Work required: Could you write out, word for word, each line from the one containing "Nuansa Studio Architect" to the last line of the data below, both included and nothing more?

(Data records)
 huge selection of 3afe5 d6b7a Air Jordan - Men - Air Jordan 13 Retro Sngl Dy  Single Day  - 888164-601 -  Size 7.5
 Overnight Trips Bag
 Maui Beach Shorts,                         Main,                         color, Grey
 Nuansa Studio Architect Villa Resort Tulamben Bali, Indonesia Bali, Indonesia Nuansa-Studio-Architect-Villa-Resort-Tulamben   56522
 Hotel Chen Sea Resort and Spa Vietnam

Exercise result:
 Nuansa Studio Architect Villa Resort Tulamben Bali, Indonesia Bali, Indonesia Nuansa-Studio-Architect-Villa-Resort-Tulamben   56522
 Hotel Chen Sea Resort and Spa Vietnam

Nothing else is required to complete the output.